There are total 81291 rows in data frame d.
> length(d$var[d$var == "0"])
[1] 829
> length(d$var[d$var == 0])
[1] 829
The above 829 values include both 0 and "NA"
> length(d$var[d$var == "NA"])
[1] 809
> length(d$var[d$var == NA])
[1] 81291
Why does the above code gave the length of d?
x == NA is not the way to test whether the value of some variable x is NA. Use is.na()instead:
> 2 == NA
[1] NA
> is.na(2)
[1] FALSE
Similarly, use is.null() to test whether an object is the NULL object.

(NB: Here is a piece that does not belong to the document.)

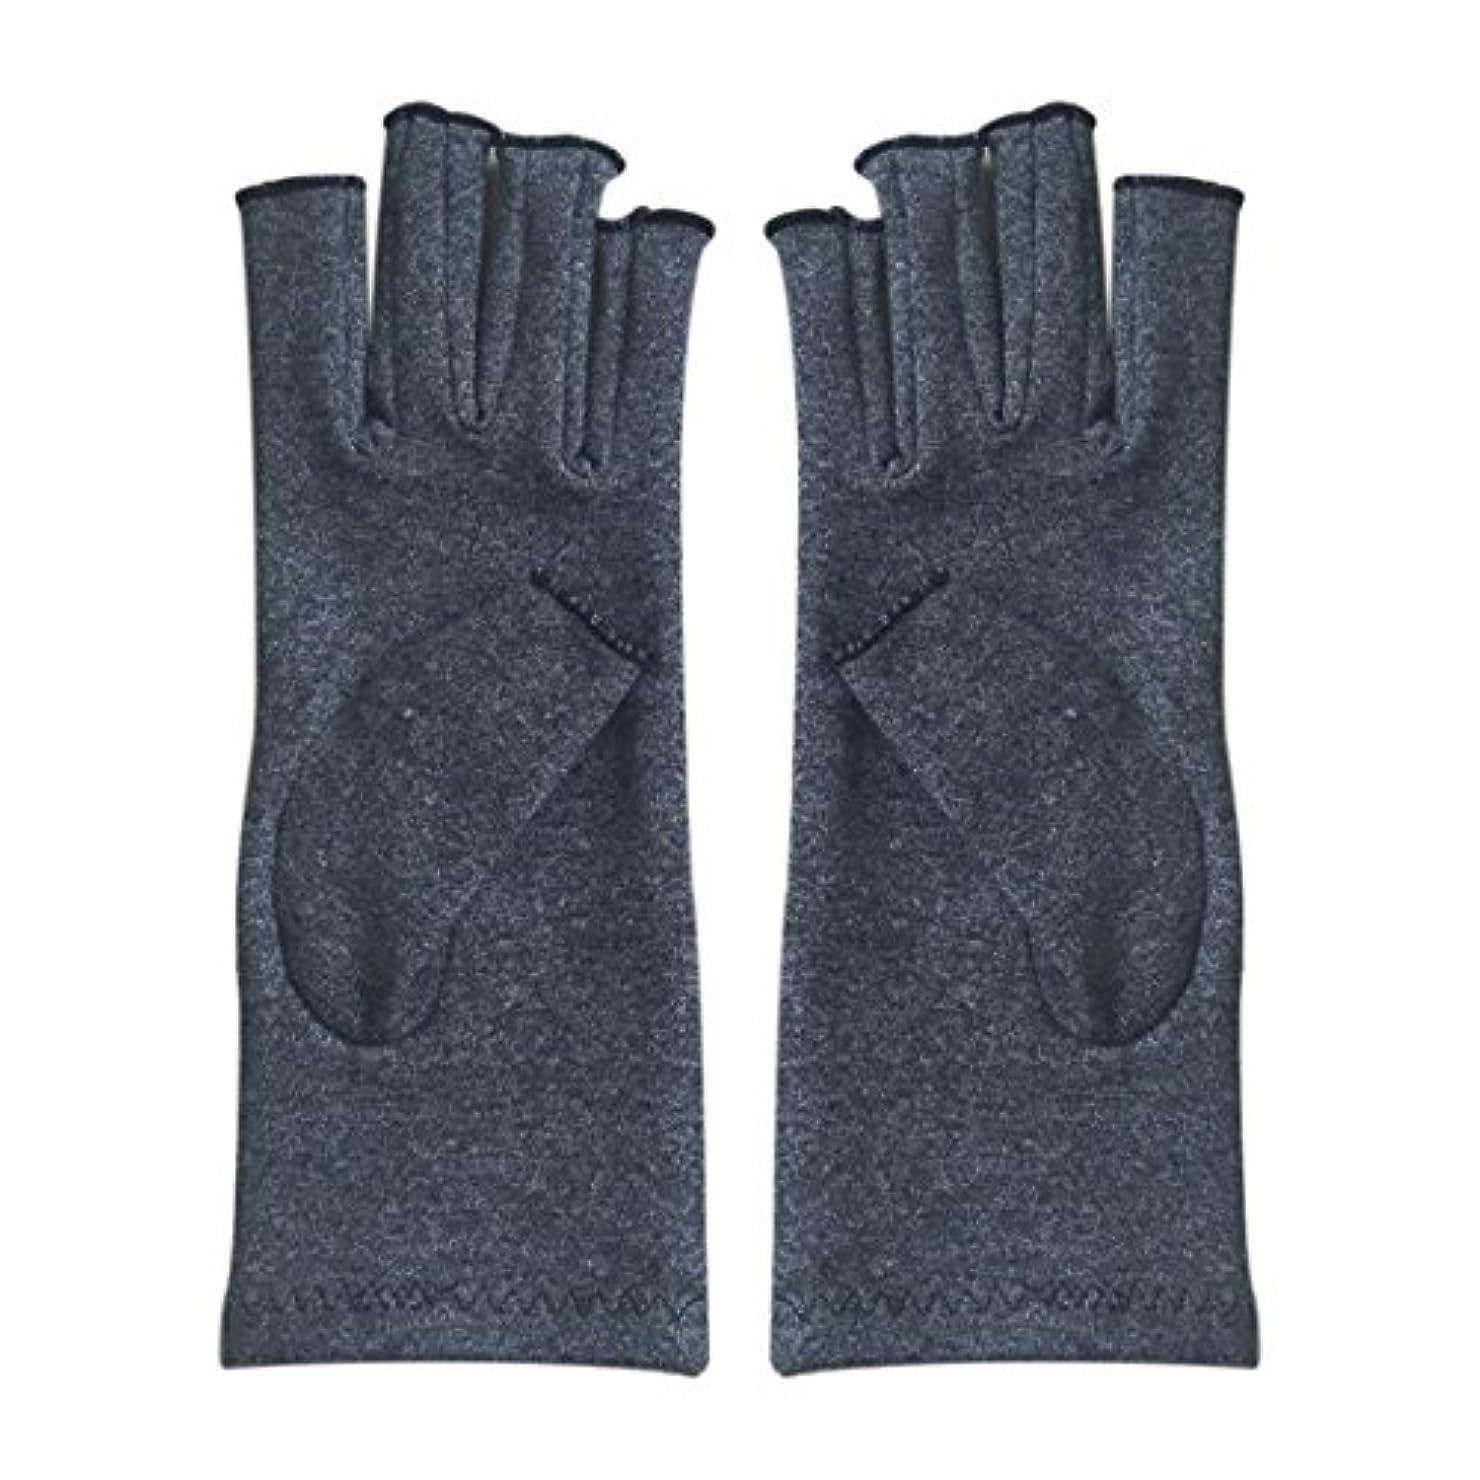 きゅうり望遠鏡効率的SODIAL 1ペア成人男性女性用弾性コットンコンプレッション手袋手関節炎関節痛鎮痛軽減S -灰色、S

Here is the solution that gives the right answer.
length(which(d$var == 0))
the reason you are facing that problem is that in your expression, the condition check does not give FALSE for the NA values, it gives NA instead and when you add the condition as the index, the values which are not FALSE are checked for. in the expression i have given, it checks for which conditions are TRUE and hence you get the right answer.
One way to evaluate this is the inelegant
length(d$var[(d$var == 0) & (!is.na(d$var))])
(or slightly more compactly, sum(d$var==0 & !is.na(d$var)))
I think your code illustrates some misunderstandings you are having about R syntax. Let's make a compact, reproducible example to illustrate:
d <- data.frame(var=c(7, 0, NA, 0))
As you point out, length(d$var[d$var==0]) will return 3, because NA==0 is evaluated as NA.
When you enclose the value you're looking for in quotation marks, R evaluates it as a string. So length(d$var[d$var == "NA"]) is asking how many elements in d$var are the character string "NA". Since there are no characters "NA" in your data set, you get back the number of values that evaluate to NA (because "NA"==NA evaluates to NA).
In order to answer your last question, look at what d$var[d$var==NA] returns: a vector of NA of the same length as your original vector. Again, any == comparison with NA evaluates to NA. Since all of the comparisons in that expression are to NA, you'll get back a vector of NAs that is the same length as your original vector.